Ma poi è stato il turno dei muri perimetrali, il loro crollo ha permesso al giovane protagonista di guardare all’interno degli appartamenti e vedervi la vita lì rimasta sotto forma di figure sbiadite che si aggiravano lente, sospese in aria. La nonna gli diceva sempre di non guardare il buio della casa di fronte perché avrebbe potuto trovarvi ‘o munaciello, ma il bambino non ha visto affatto monacielli bensì facce di vecchi che vagavano per le stanze, in qualche modo rimasti lì con la morte che non li aveva portati via. Sono tanti i morti che il piccolo protagonista ha seguito con lo sguardo, ma uno di questi lo ha colpito particolarmente: una bambina di poco più grande di lui. Affacciata a un balcone che non c’era più, guardava fuori, ma guardava oltre, sorpassando lo sguardo di lui. La loro è stata un’amicizia particolare, avvolta costantemente dalla coltre gialla del tufo, di cui non ha mai potuto parlare con i grandi: avevano paura delle visioni che rotolavano negli occhi dei bambini, delle processioni dei sogni in piena veglia e giorno. Inizialmente è stato lui a sentirsi un fantasma, ma poi lei ha iniziato a vederlo, a sorridergli, mentre i giorni passavano veloci.

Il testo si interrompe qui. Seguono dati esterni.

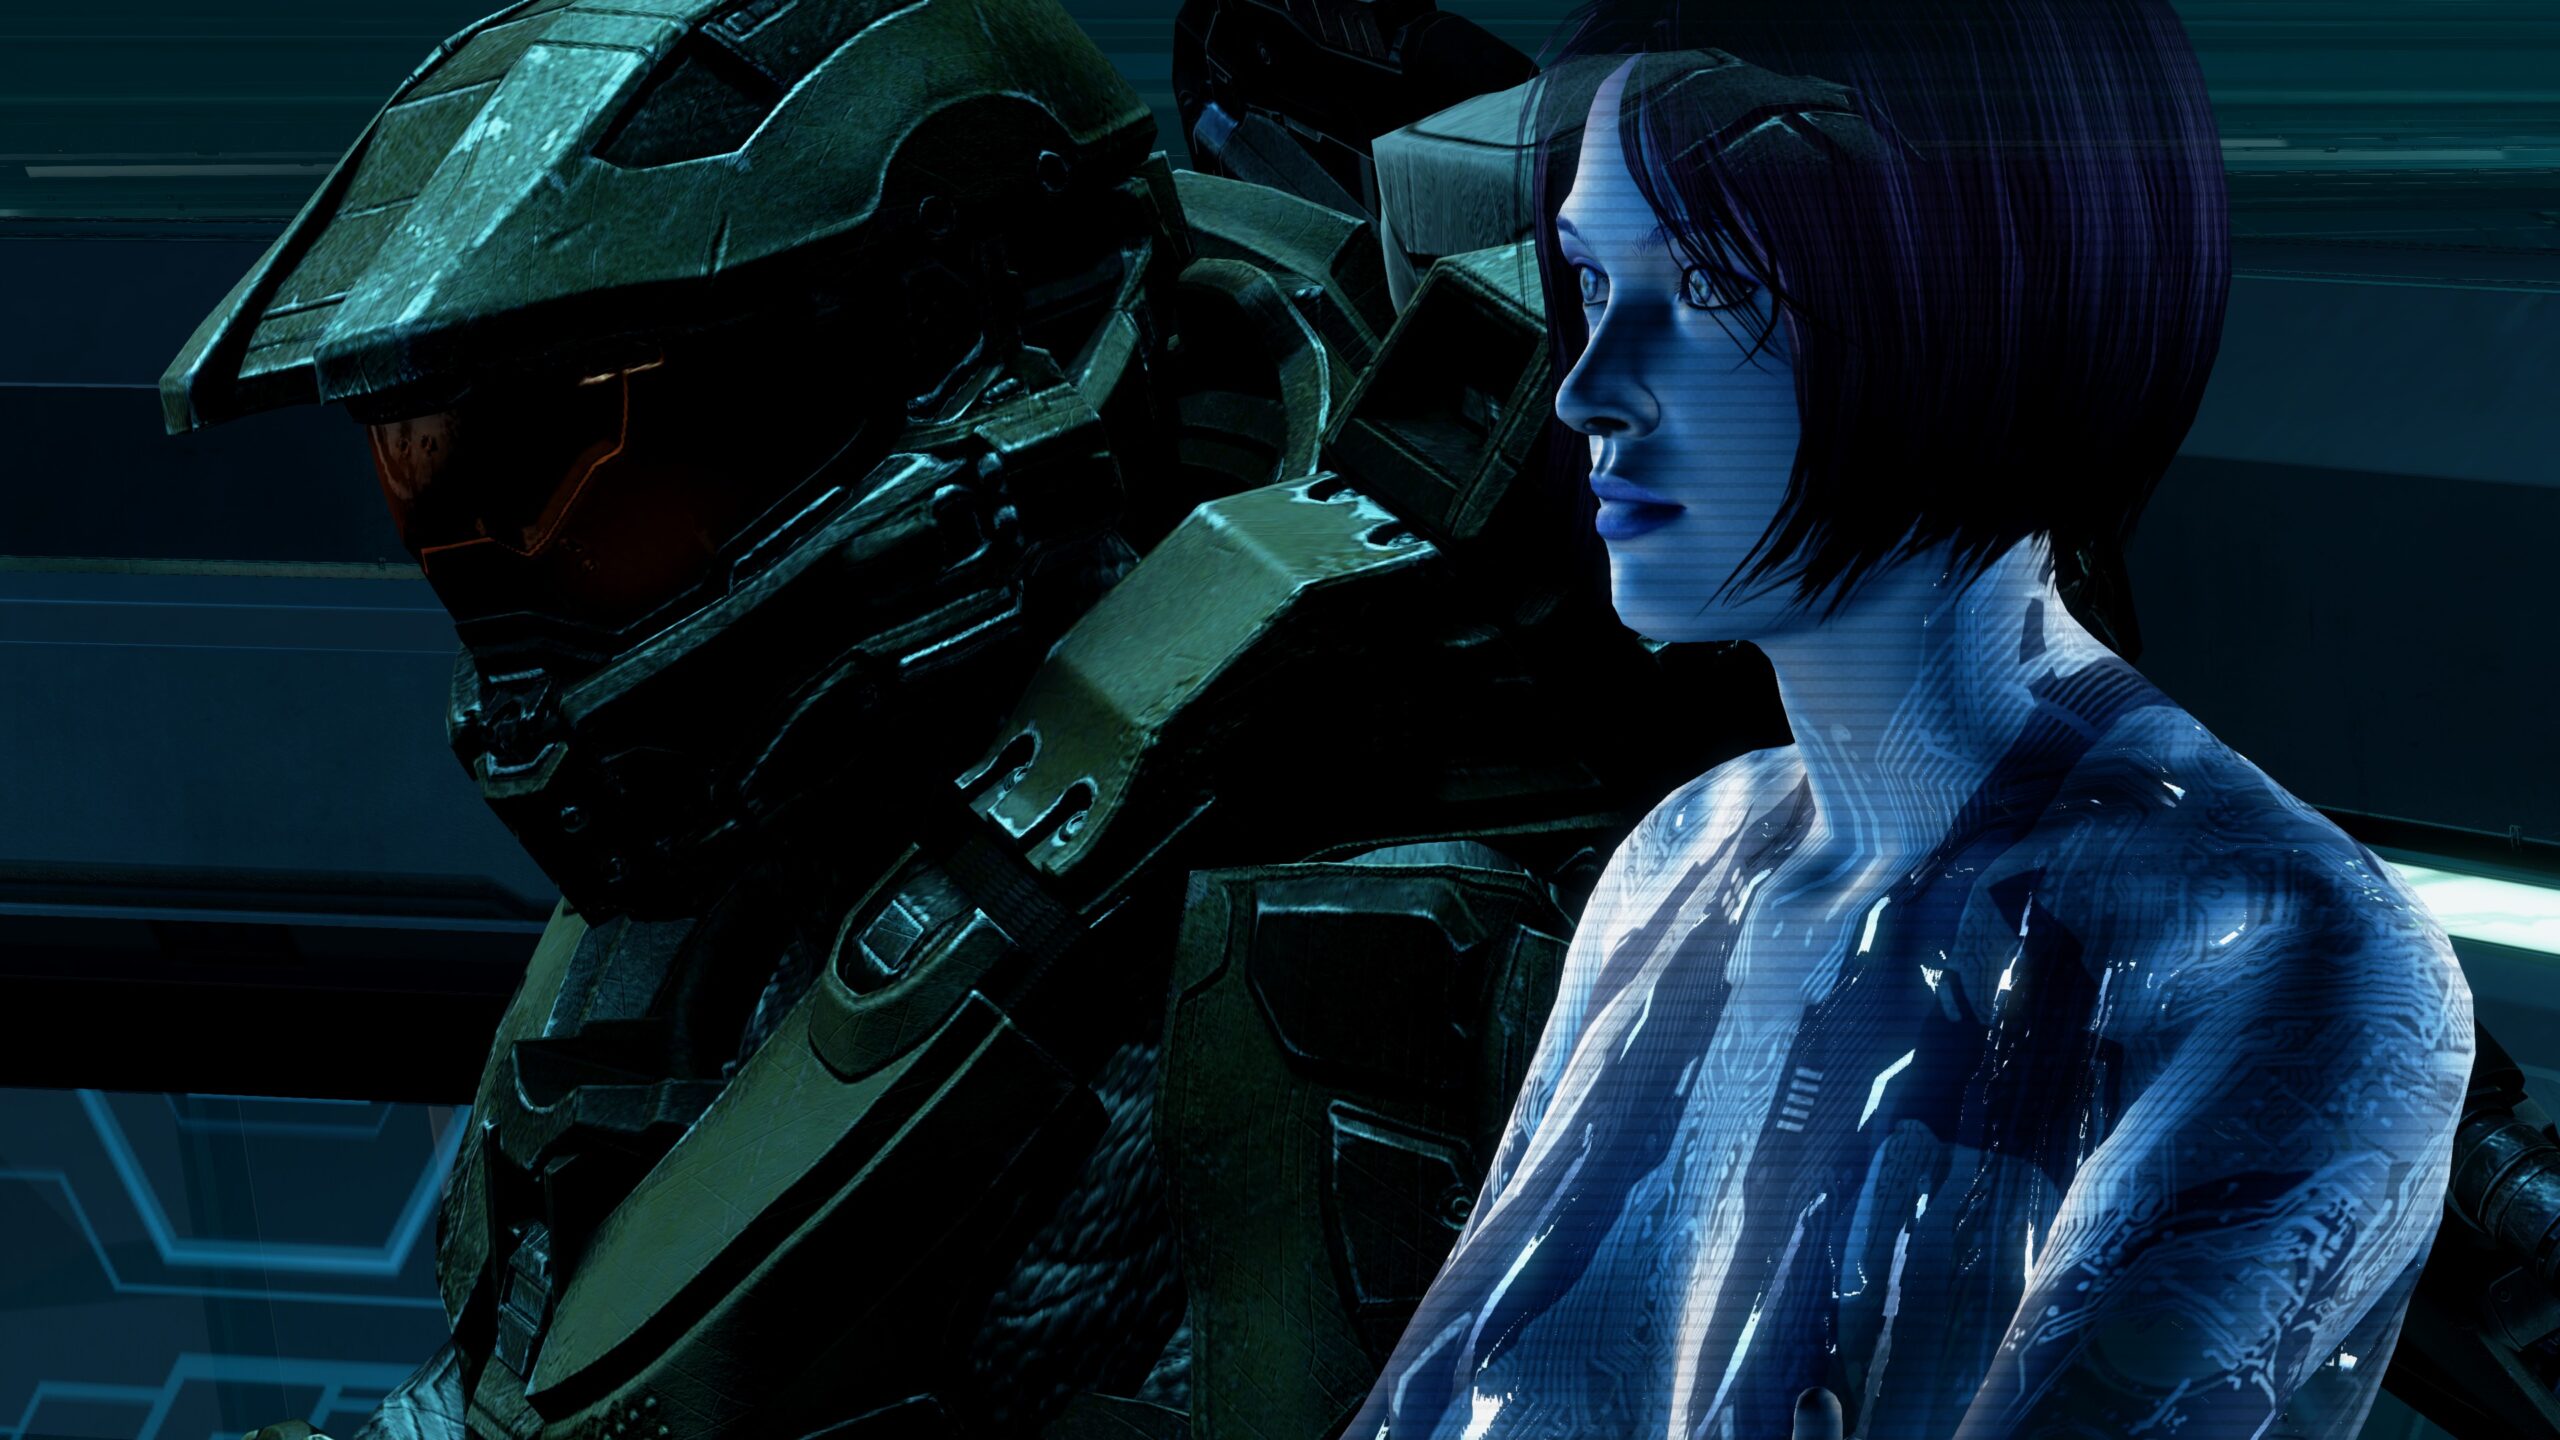 Halo 4 in-game screenshot of the Master Chief and Cortana

Quando un palazzo crolla anche le vite sembrano andare via insieme a esso, perché si attaccano alle pietre e restano lì a smaltire la nostalgia di non esserci più. Un anno è ormai trascorso, l’edificio non c’è più e il bambino inizia la scuola. Nuove esperienze che surclassano altre, ricordi che sbiadiscono perché è tempo di fare spazio a qualcosa di diverso e il suo affacciarsi alla finestra non è più importante. Probabilmente, quel desiderio è sparito insieme alla bambina. Il giovane protagonista ormai si affaccia sui libri e sulle parole crociate, avviamento al traffico della letteratura. Il tempo lo ha spinto a cambiare, a diventare qualcun altro affinché fosse possibile evitare i fallimenti del passato – il suo non riuscire a trattenere lì la sua amica –, così come le case che oggi si costruiscono con altri materiali. L’autore, in questo piccolo spaccato di vita, racconta di un’infanzia dormita in camere intonacate sopra la roccia, ascoltando le ninnananne delle terre flegree che Erri De Luca chiama sante balie del sud e di quella città dall’odore di tufo che, morbido, lo puoi pure segare, ma non lo puoi tenere prigioniero.